Lyndsey Marshal (born 16 June 1978) is an English actress best known for her performance in The Hours, as the recurring character Cleopatra on HBO's Rome, and as Lady Sarah Hill in BBC period drama Garrow's Law.

==Biography==
Marshal was born in Manchester, England. She attended Old Trafford Junior School and Lostock High School. After studying the classics at college for a career in archaeology, she applied to the Royal Welsh College of Music and Drama.

Her first major part was in the play Fireface at the Royal Court Theatre, which she took just before graduation. In 2001, she won the Critics' Circle Theatre Award for Best Newcomer in 2001 for her performances in Redundant at the Royal Court Theatre and Boston Marriage at the Donmar Warehouse. In 2003, she won the TMA Theatre Award for Best Supporting Actress in A Midsummer Night's Dream. She appeared alongside James McAvoy in the 2009 West End production Three Days of Rain. In 2011, she appeared in Greenland at the National Theatre.

Marshal has appeared in the films The Hours alongside Nicole Kidman, and Hereafter, directed by Clint Eastwood.
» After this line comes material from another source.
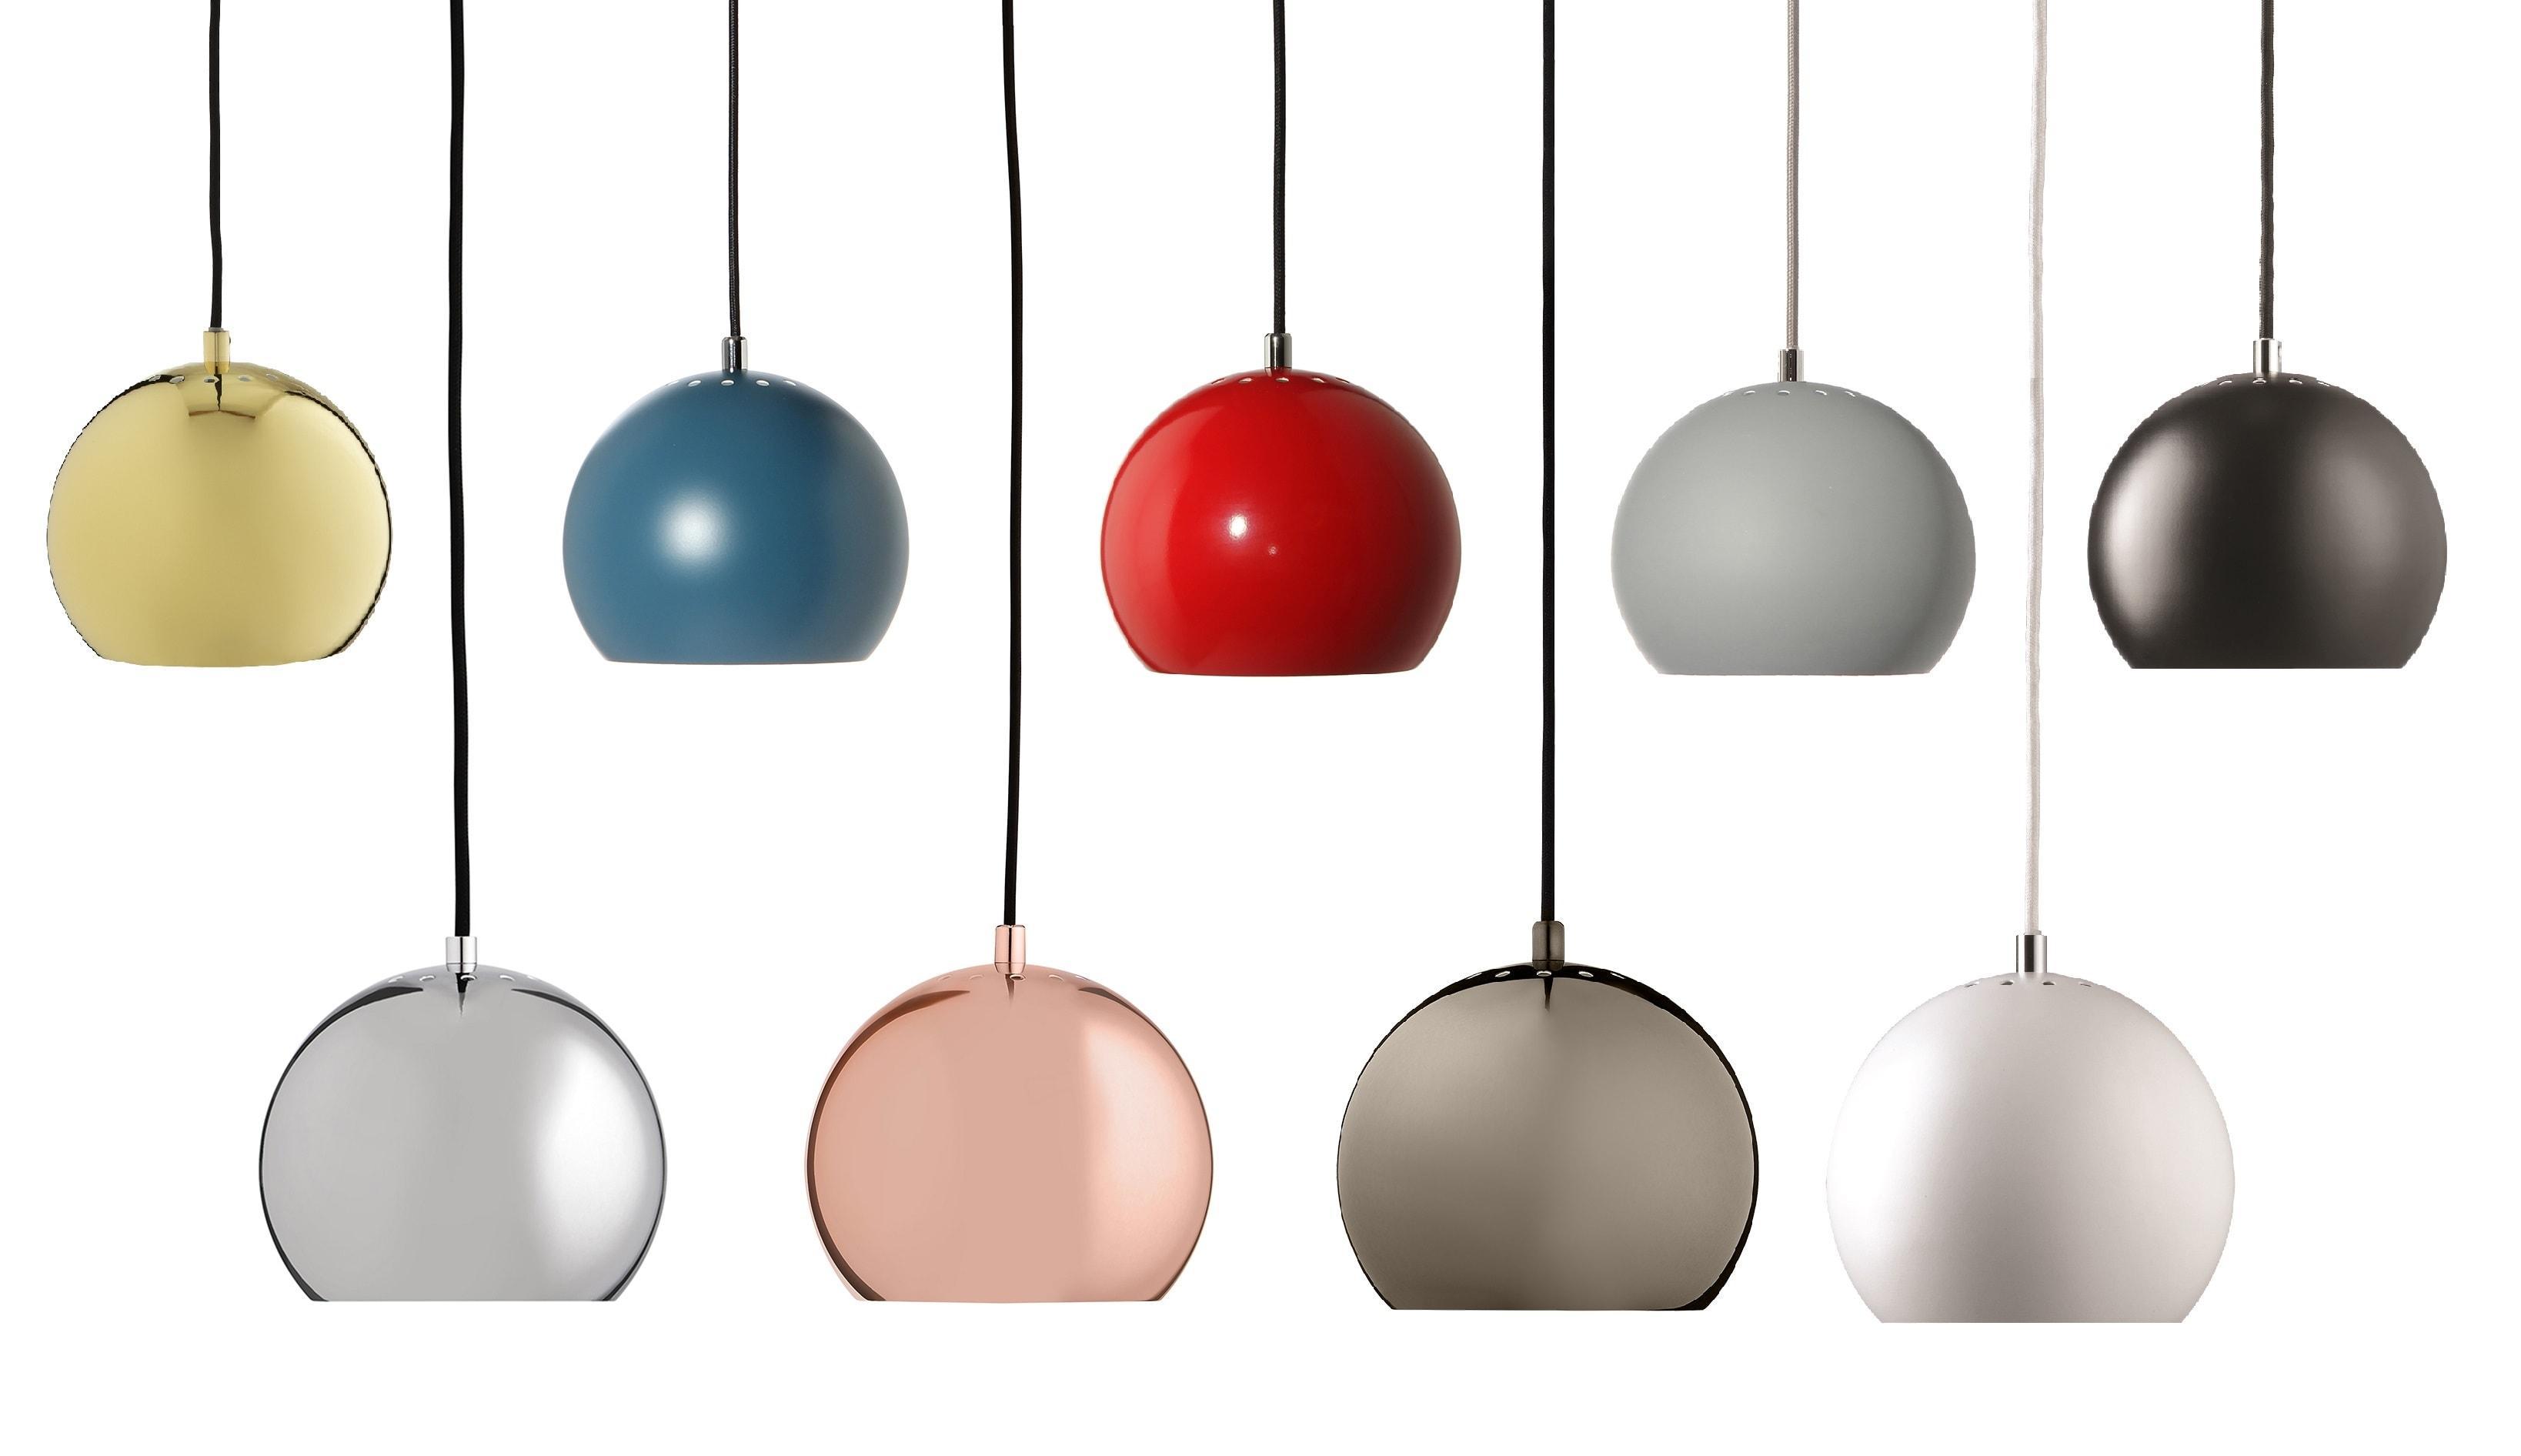 Frandsen Ball Lampe

Marshal starred as Cleopatra in HBO's Rome. Since 2009, she has played Lady Sarah Hill in the three series of the BBC One drama Garrow's Law and, with Julie Walters, in the BBC TV film A Short Stay in Switzerland. She starred also in ITV's new series of Agatha Christie's Marple.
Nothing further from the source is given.